All our earlier analysis have shown that a major portion of the story of the birth of Jesus is unhistorical. Now we shall look at the status of the rest of the nativity episodes in Matthew and Luke. We see that all the episodes seem to have been derived almost entirely from the Old Testament:

The Wise Men and The Star of Bethlehem

Matthew 2:1-12 describes the appearance of the wise men "from the east" who came looking for Jesus because they saw a "star in the east". And when they found him they offered him presents of "gold, incense and myrrh."[a] The problem is, despite diligent research by scholars nobody really knows the identity nor the origins of these wise men.[1]

As for the star, many suggestions had been made: a nova, a comet and even a planetary conjunction of Saturn and Jupiter.

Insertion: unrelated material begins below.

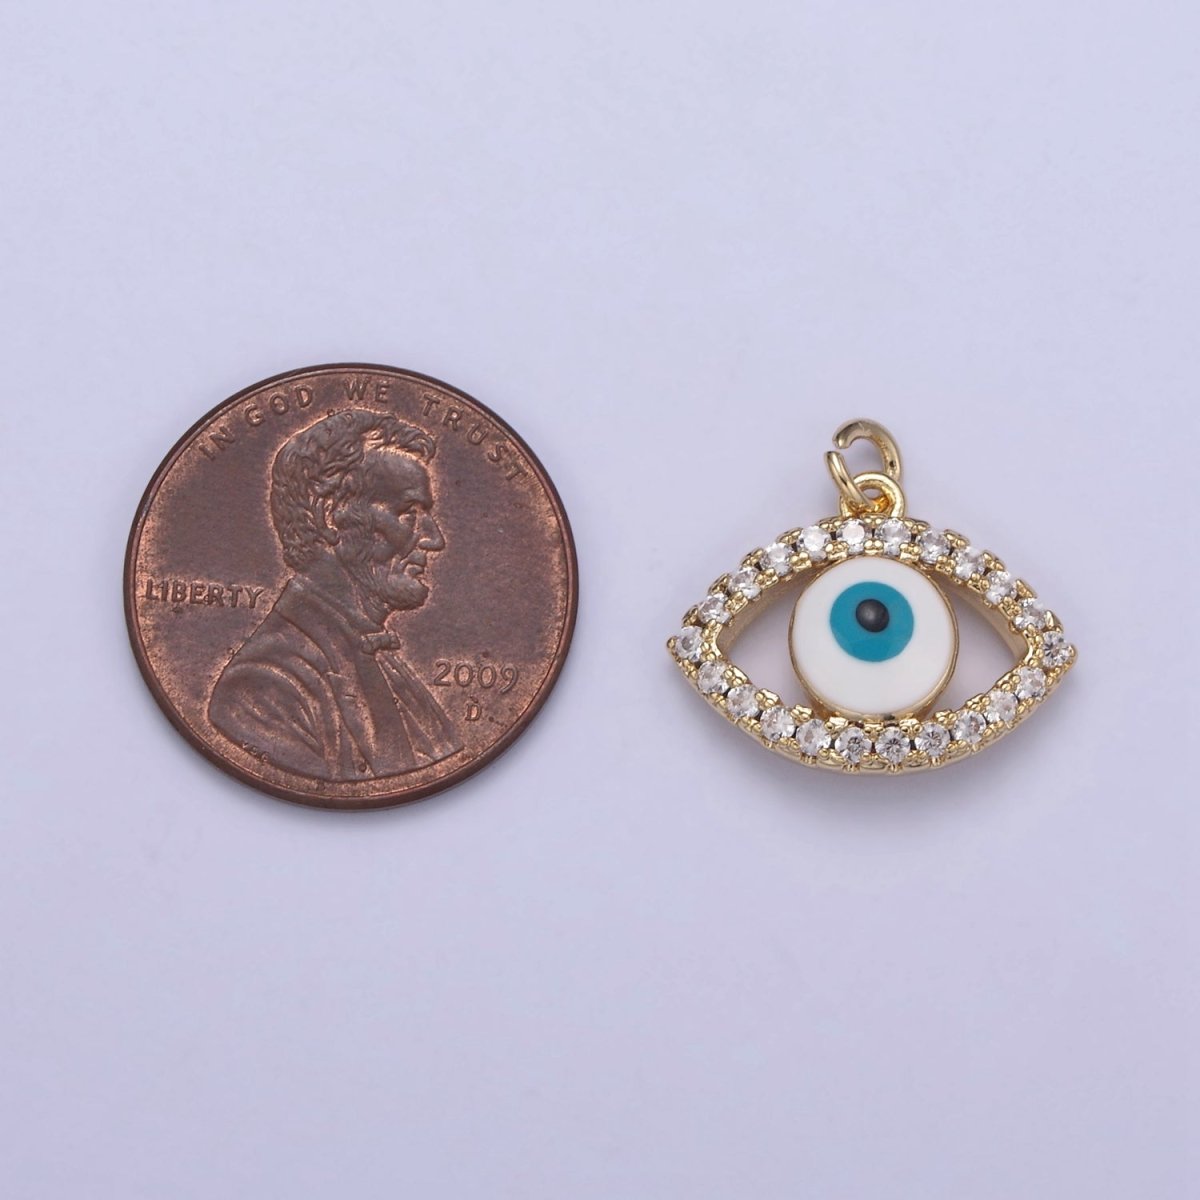 18K Gold Filled Evil Eye Gold Charm Cubic Zirconia Cz Eye Charm Dainty Good Luck and Protection Charm N-358 - DLUXCA

None of these were successful. there was no Nova recorded during the period of Jesus birth. Halley's comet appeared in 11BC but that was too far back to satisfy most Christian theologians. The planetary conjunction of Saturn and Jupiter occurred in 7BC but the distance between the planets, as viewed from the earth, was still far enough apart for each of the planets to be discernable as separate objects. It was highly unlikely that they could have been mistaken for a single star.[2]

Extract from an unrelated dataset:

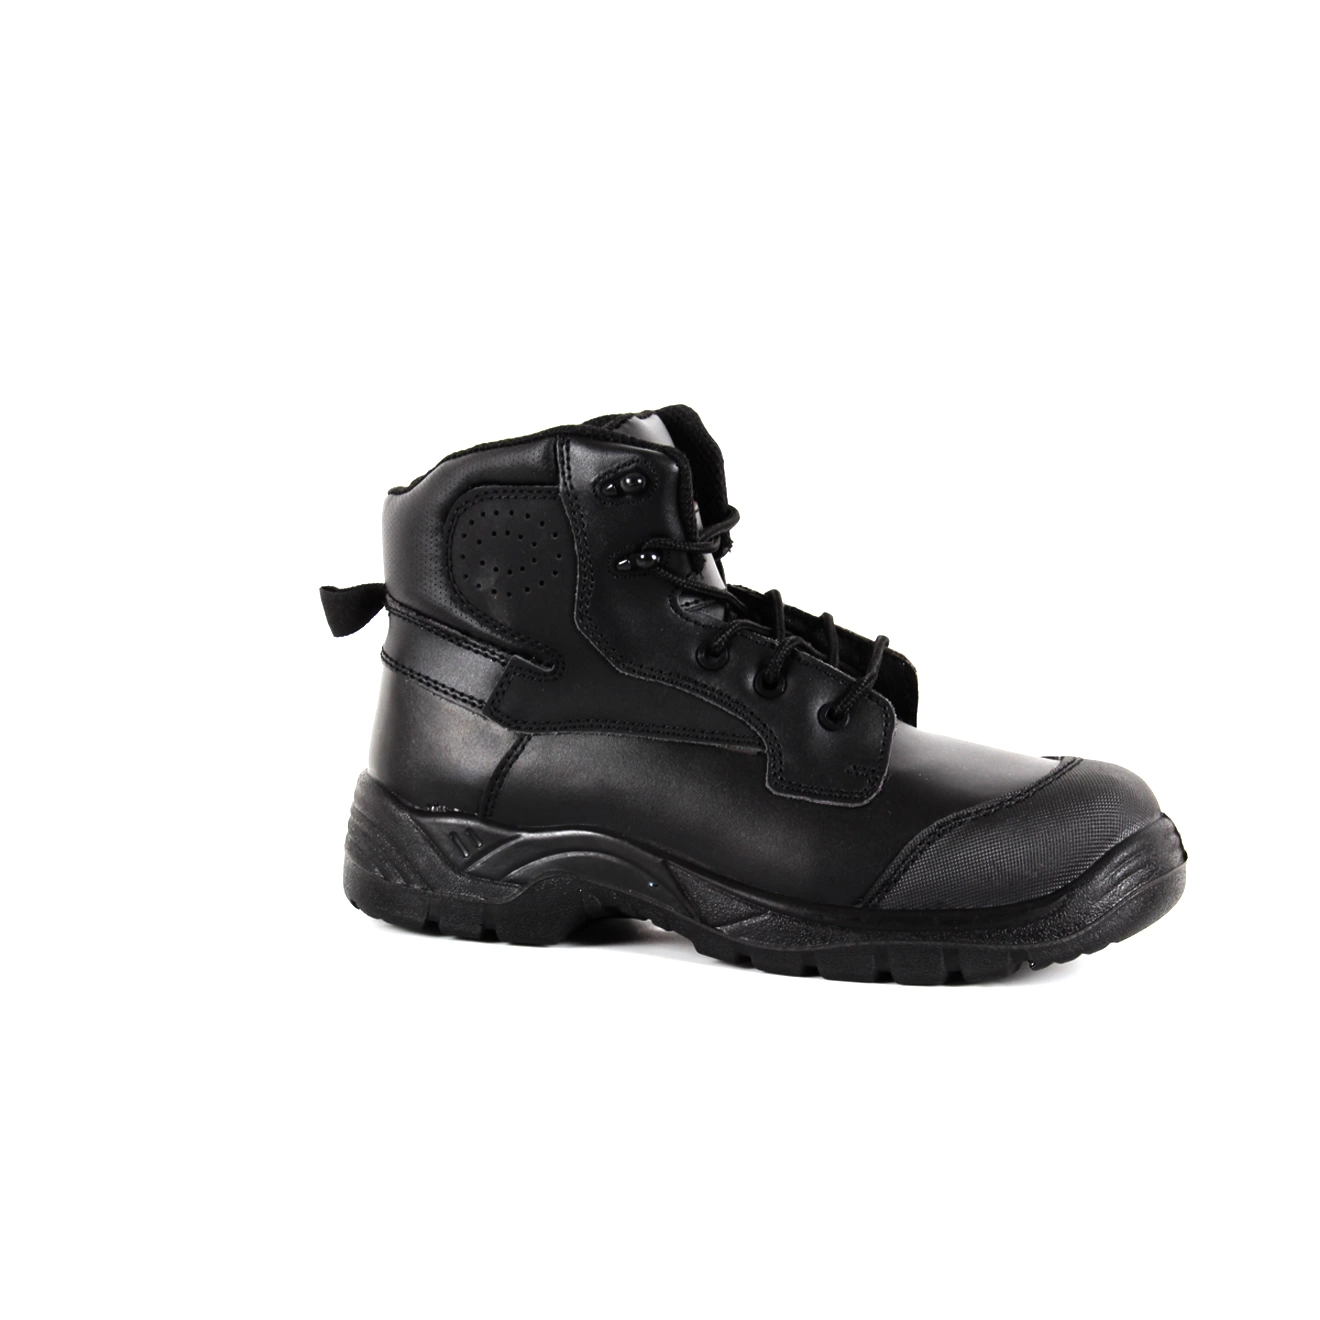 Blackrock Black Sovereign Safety Boot with Non-Metallic Toe Cap and Midsole

It should also be remembered that the occurrence of heavenly phenomena is a common theme in Greco-Roman legends. For instance a comet's appearance in the sky during the death of Julius Caesar (c110-44BC) was recorded by Suetinos while the same phenomena that accompanied the birth of Mithridates (c132-63BC), King of Pontus was recorded by the historian Justin.[3]

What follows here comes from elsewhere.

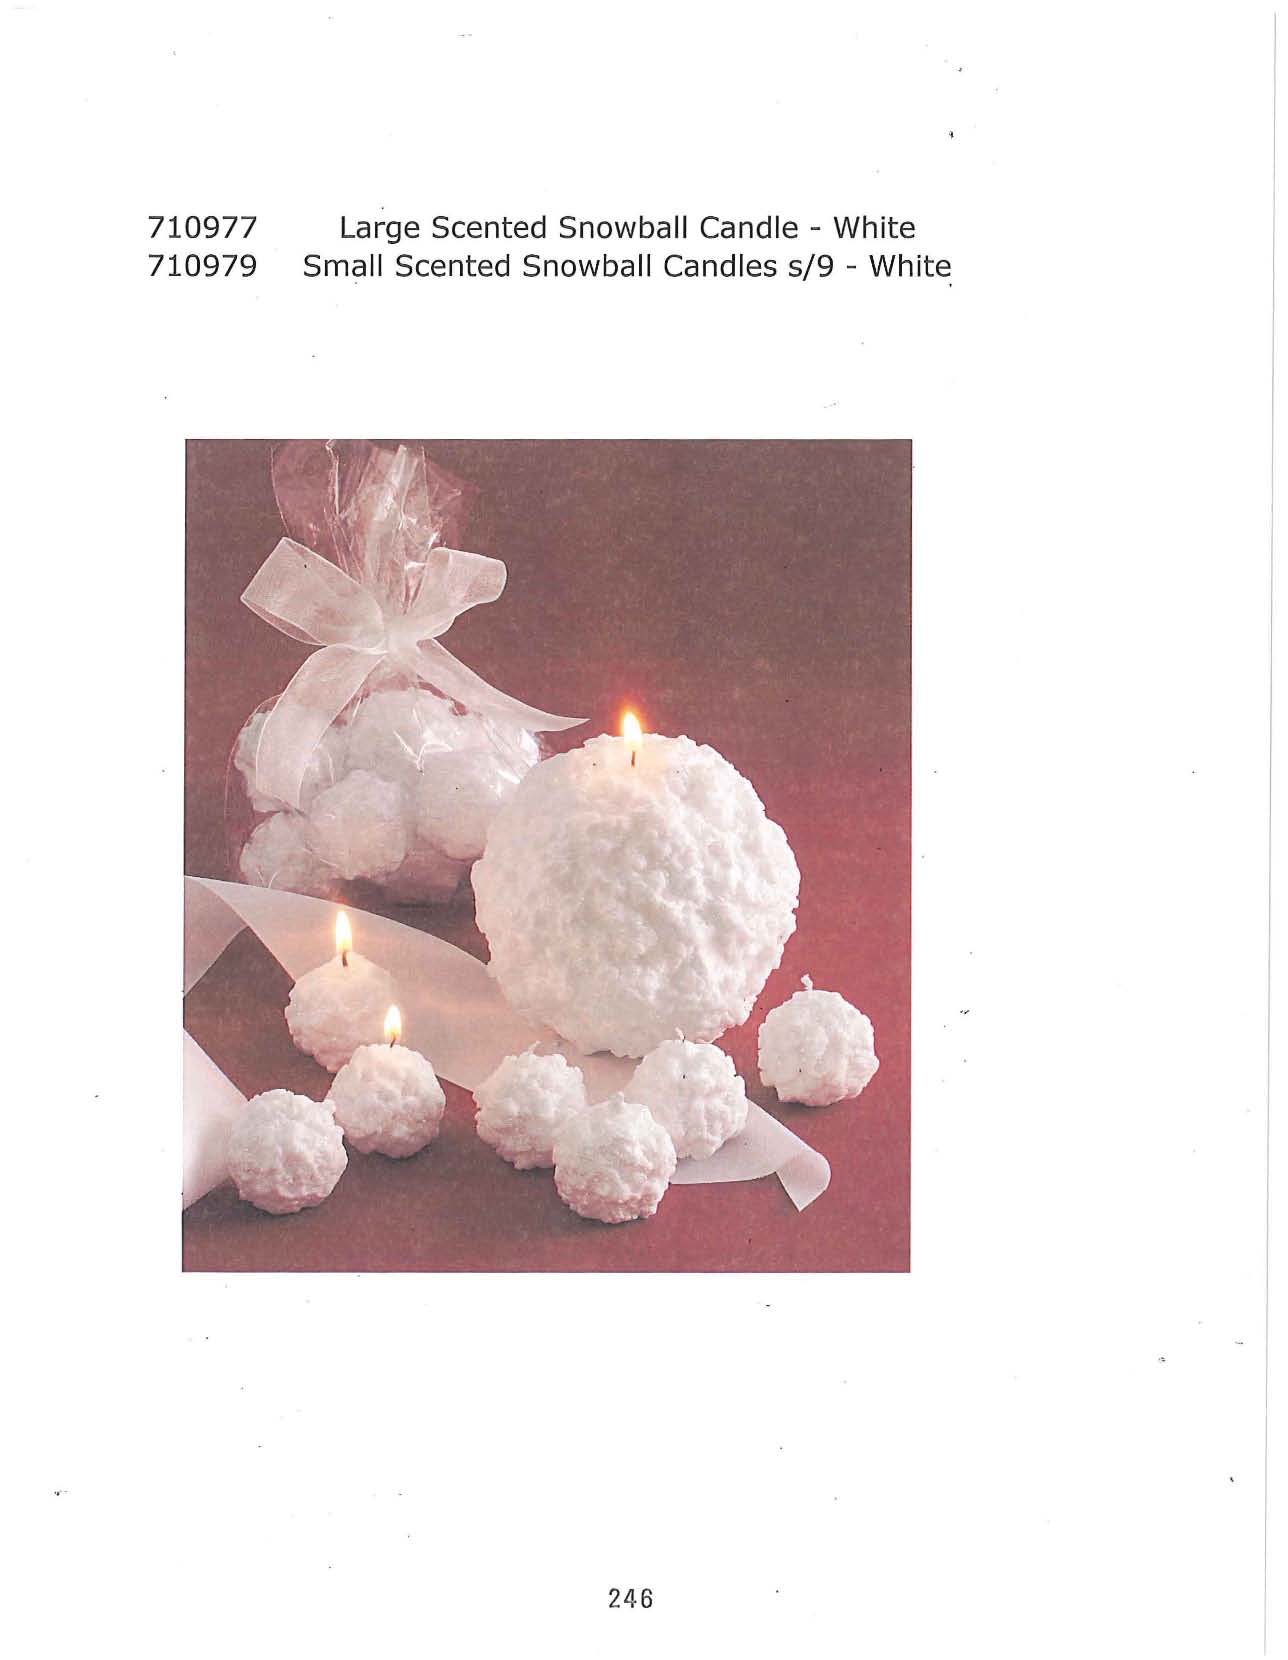 Small s/9 and Large Scented Snowball Candle - White

In view of the lack of historical support for the story of the wise men and the star of Bethlehem it is very likely that the whole story was composed by Matthew from Old Testament passages:[4]

On the "star in the east"
Numbers 24:17
There shall come a star out of Jacob, and a specter shall rise out of Israel
On the wise men
Isaiah 60:3
And the Gentiles shall come to your light, and kings to the brightness of your rising
On their presents
Isaiah 60:6
And they shall bring gold and incense.

As for the significance of myrrh, I quote Marina Warner's Alone of All Her Sex

The myrrh appeared...in the book of Exodus, when the Jews at Moses order mix a chrism with which they anoint the Ark of the Covenant-an apt symbol that the child accepts the wise men's myrrh is the anointed one who will inaugurate the new covenant. [5]
All evidence point to the fact that Matthew concocted the whole episode of the wise men, the star and the gifts out of Old Testament passages.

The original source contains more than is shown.